-- DATA follows --

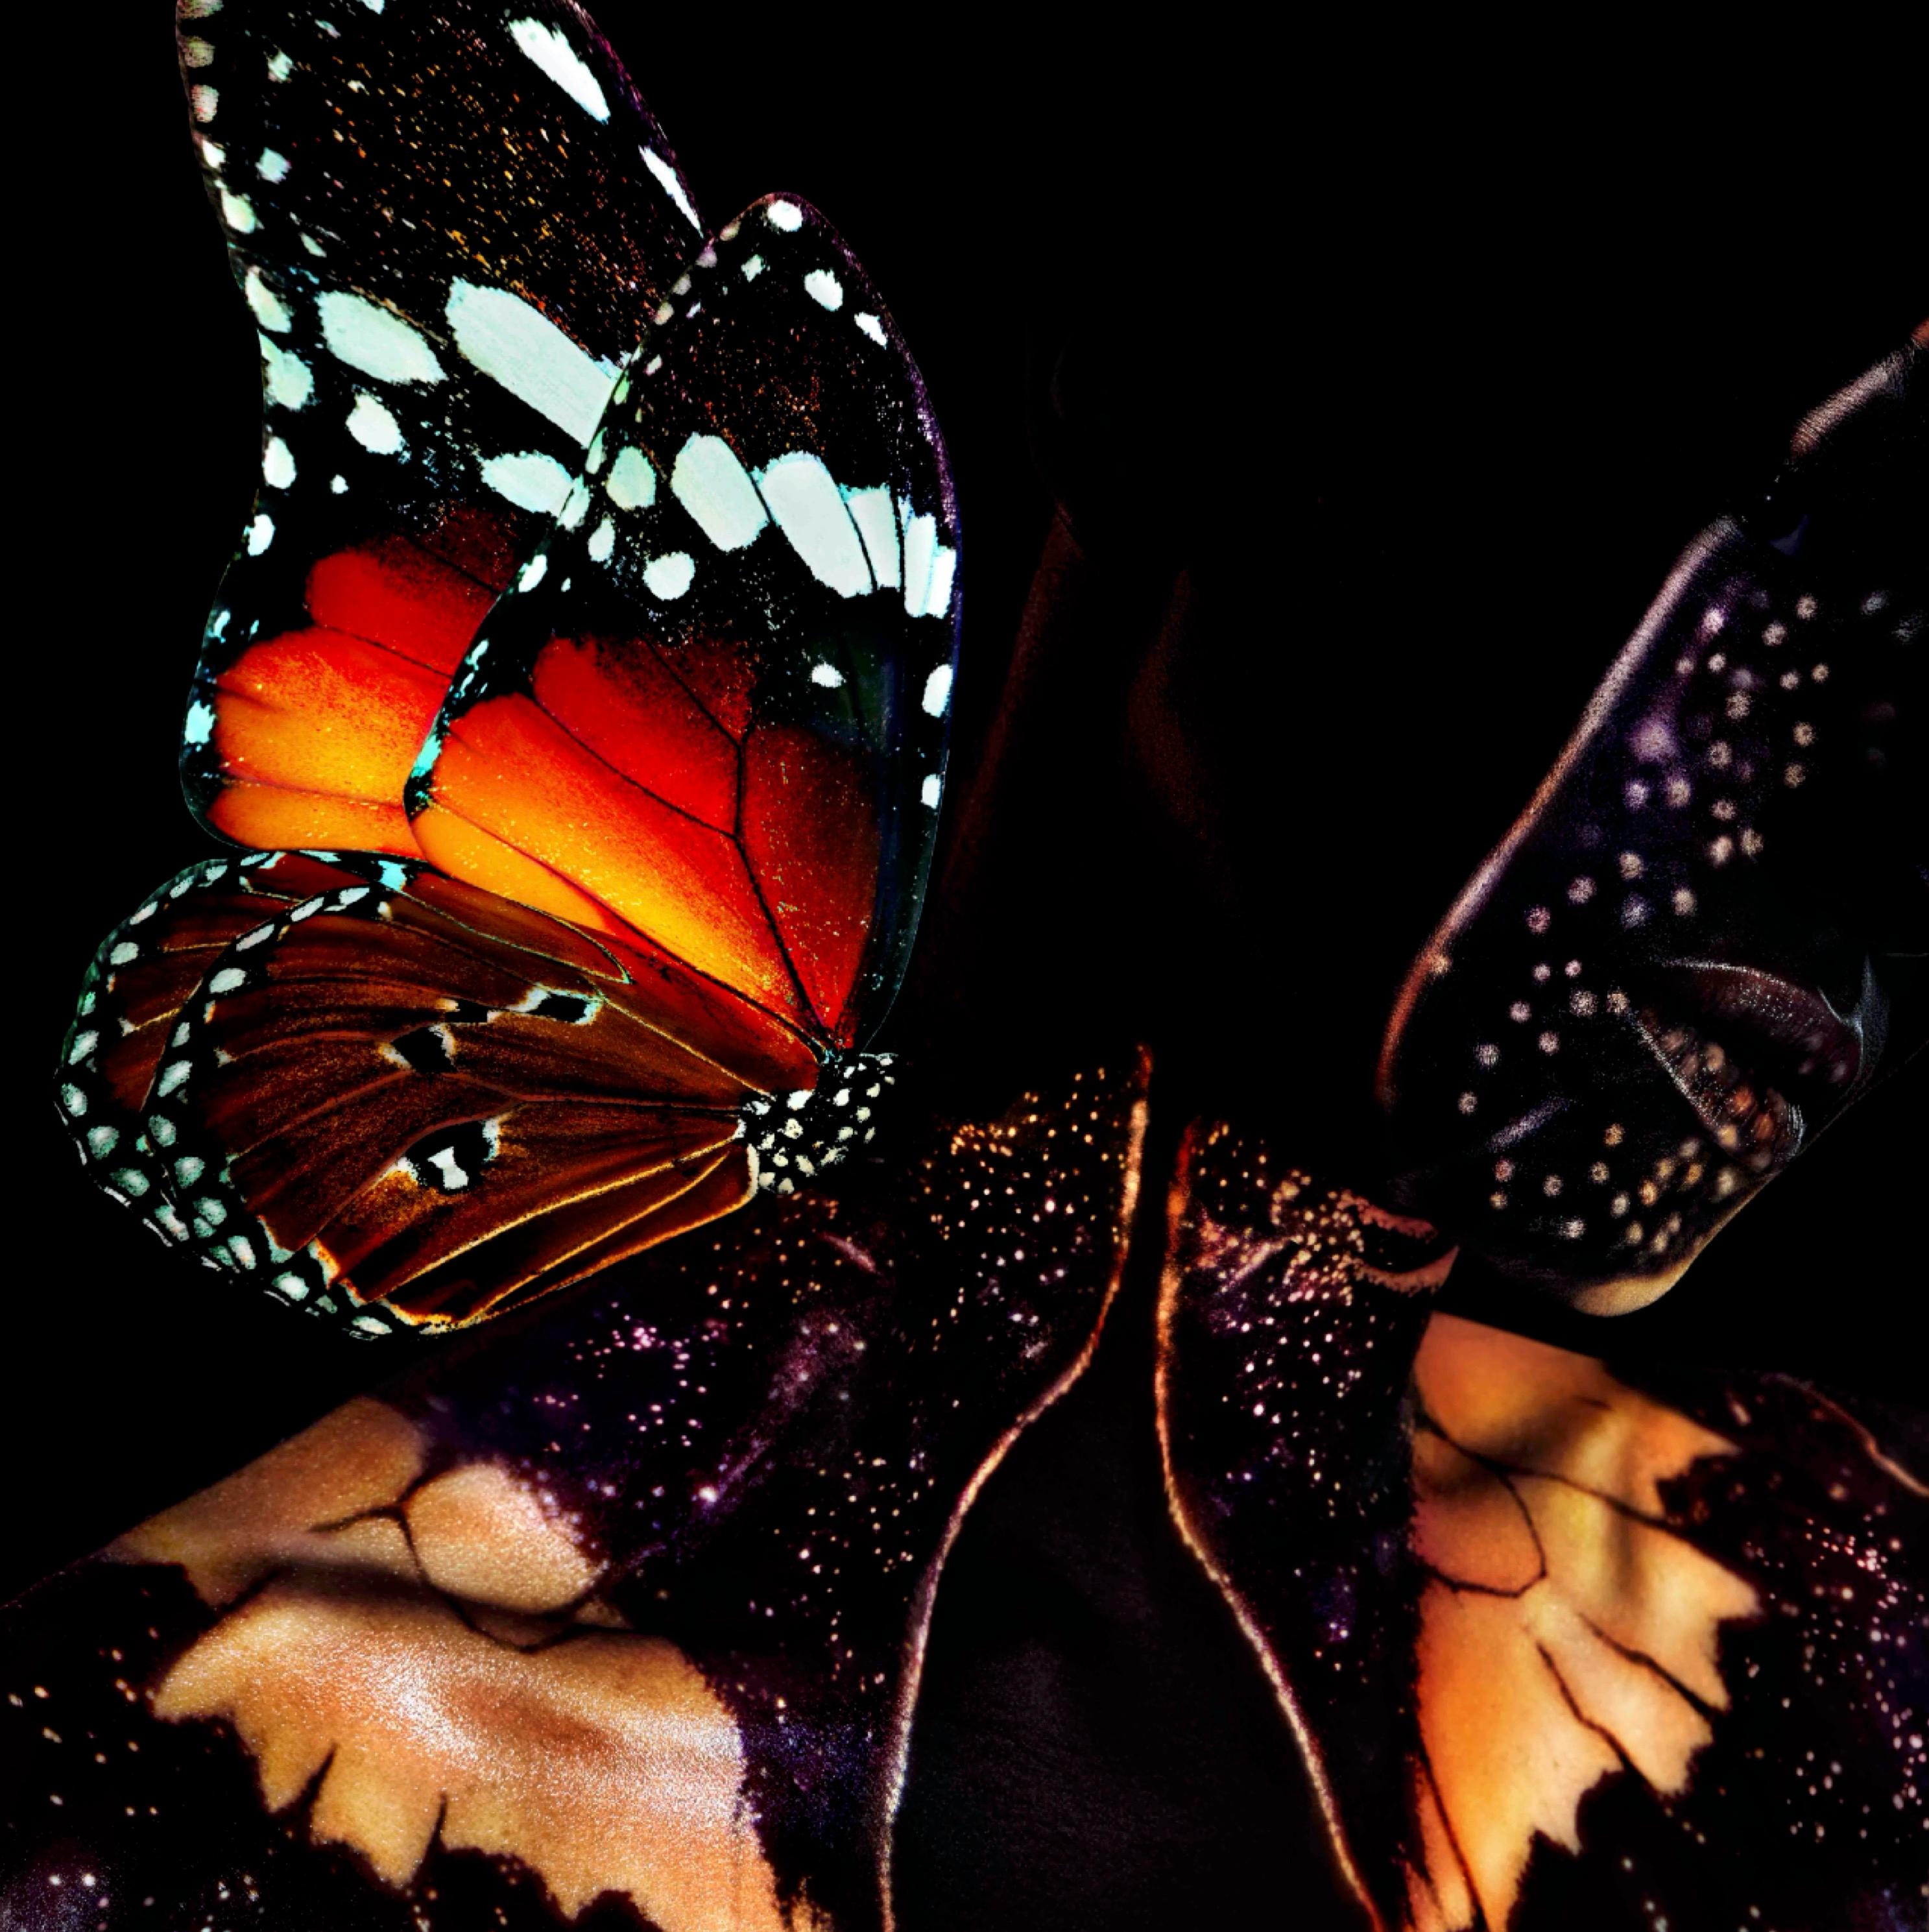 „Schmetterling 22“ Fotografie (FRAMED) 50" x 50" Zoll Auflage 2/8 von Giuliano Bekor

Titel: Schmetterling B22
Jahr: 2018
Druckgröße: 50" x 50" Zoll Beschnittzugabe 
Gerahmte Größe: 52" x 52" Zoll 
Auflage: 2/8
Künstlernachweis: 2

Medium:  
Das
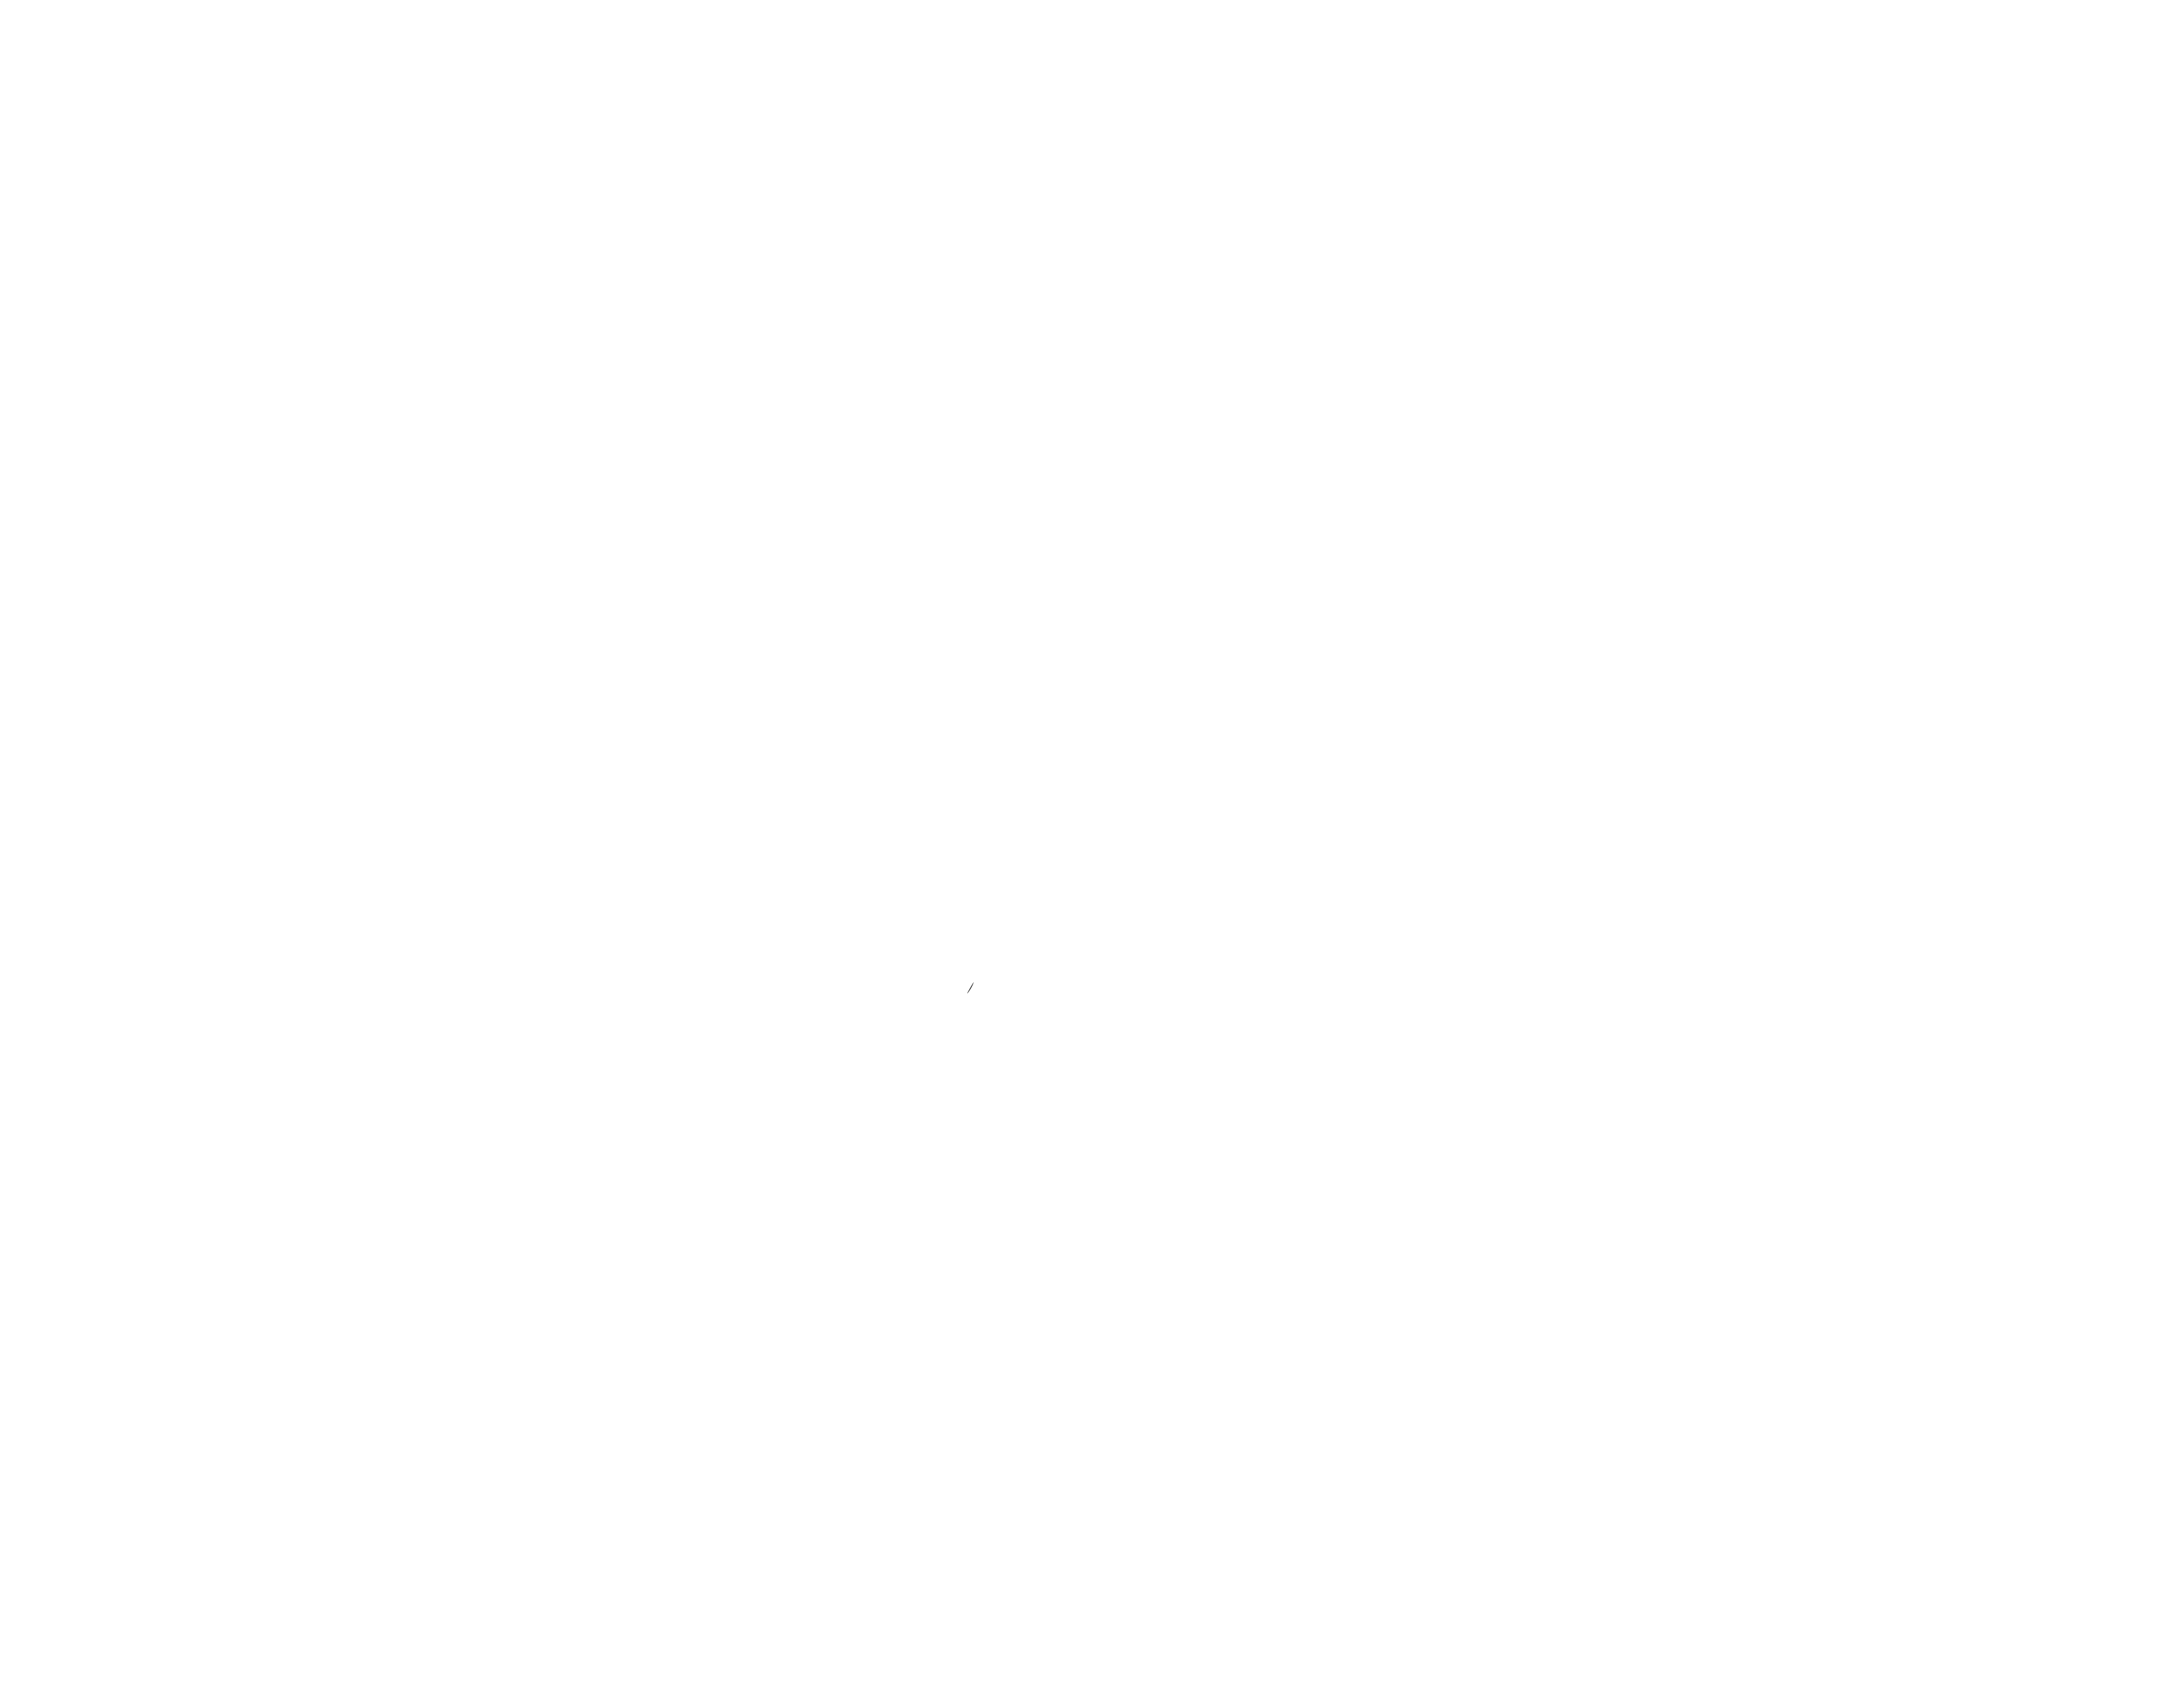 IBC Metrology

-- DATA concluded --

Please output every entry above exactly, without the pictures.

[TASK RESULT]
 „Schmetterling 22“ Fotografie (FRAMED) 50" x 50" Zoll Auflage 2/8 von Giuliano Bekor

Titel: Schmetterling B22
Jahr: 2018
Druckgröße: 50" x 50" Zoll Beschnittzugabe 
Gerahmte Größe: 52" x 52" Zoll 
Auflage: 2/8
Künstlernachweis: 2

Medium:  
Das
 IBC Metrology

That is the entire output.